There is nothing intrinsically wrong with Swirski’s enthusiasm. The problem arises when he tries to place the works in the context of the classics and the admittedly demanding aesthetics that treat them. In the end he seems to be claiming, somewhat truculently, that he loves these books, and people love these books, and no one should say that the authors are not worthy of the Nobel Prize.

In 1975, when Lem’s novel was published, Saul Bellow completed his great novel Humboldt’s Gift. A brief comparison of the two works shows why Bellow might deserve the Nobel Prize (he received it in 1976) and not Lem. The latter ably follows the genre approach, which relies on stock-in-trade characters. They are vehicles for plots and ideas, from which the reader gets an adrenaline rush and a late night wow! Bellow’s prose, on the other hand, is rich in the nuances of individual perception. As he said to Philip Roth, “In becoming a writer I hoped to bring out somehow my singular reactions to existence. Why else write?”

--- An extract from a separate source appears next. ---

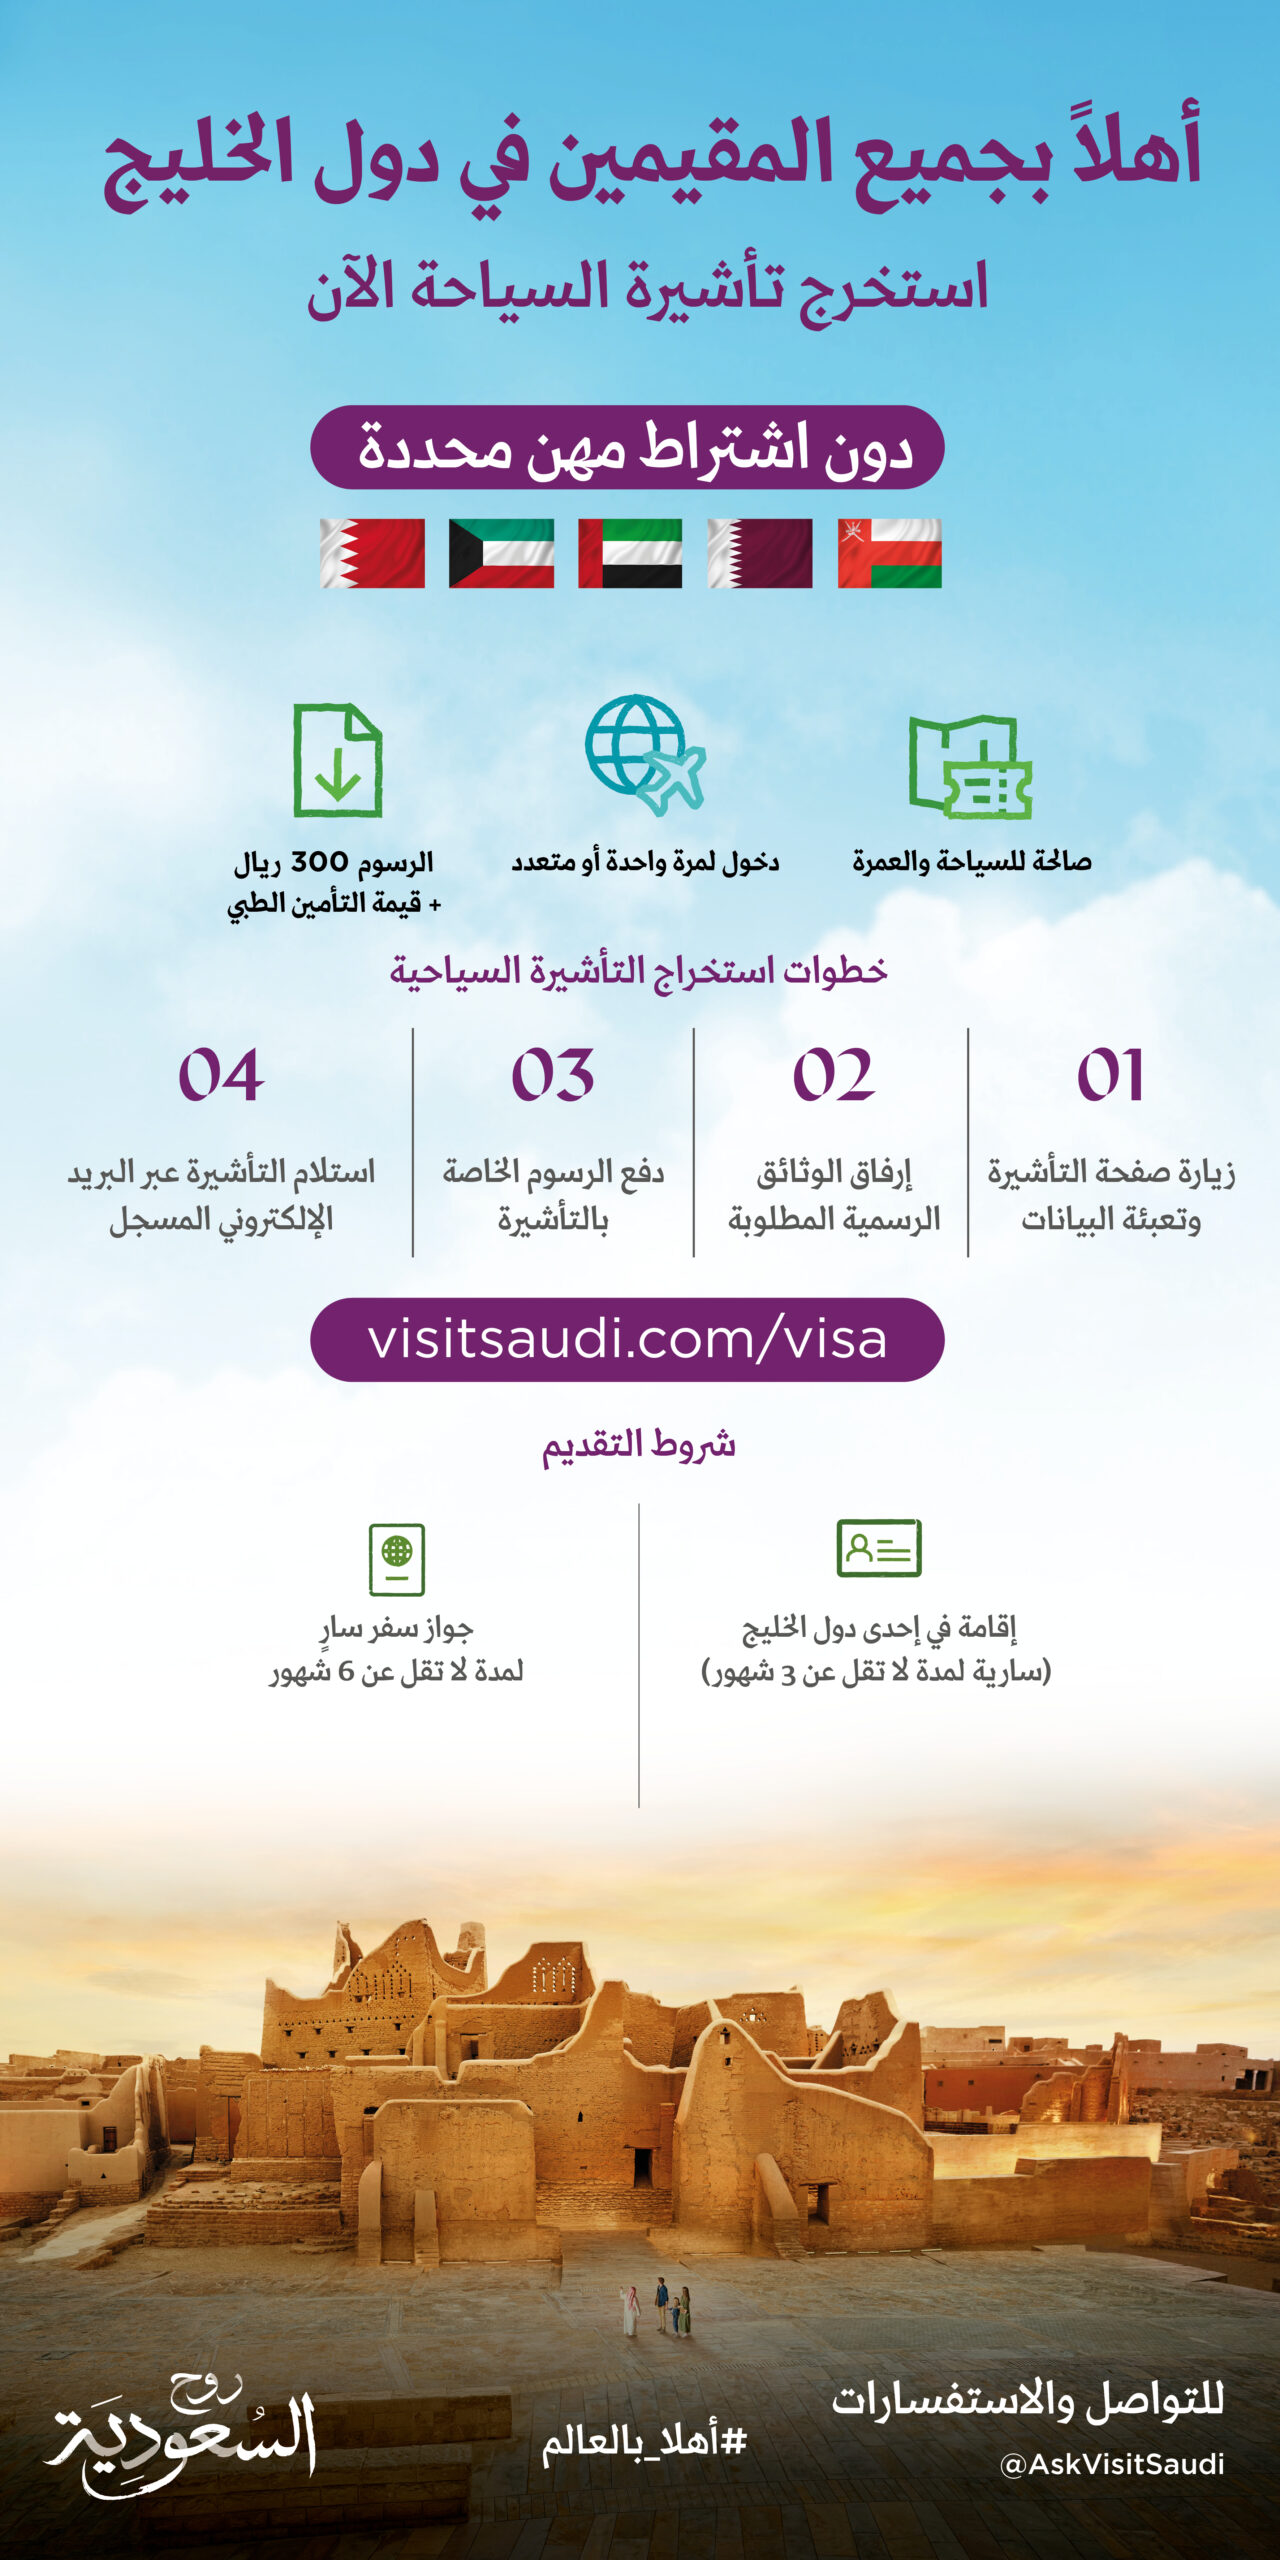 الهيئة السعودية للسياحة: «نرحب بجميع المقيمين بدول الخليج دون اشتراط مهن محددة»

Bellow tries to make this singularity pervade every sentence, while Lem writes in the staccato style typical of hardboiled fiction-stringing together pithy observations without the support of a rich, subjective presence. For readers who equate literature with the exploration of individualized worlds, there is something punishing about thriller prose.

Swirski writes intelligently, quotes copiously, and approaches his themes passionately. And yet there must be a mote in his eye if he has to rally T.S. Eliot to his support for genre fiction. Quoting the latter’s essay “Religion and Literature”- “it is just the literature that we read for ‘amusement’…that may have the greatest and least suspected influence upon us”-Swirski fails to mention that Eliot’s next remark about this influence (in a calmly reasoned censure of secularism) is that it is potentially insidious. In other words, the opposite of what Swirski wants to say-raising legitimate doubts in the reader’s mind about the nature of his project.

mRb
Mark Heffernan is a Montreal writer.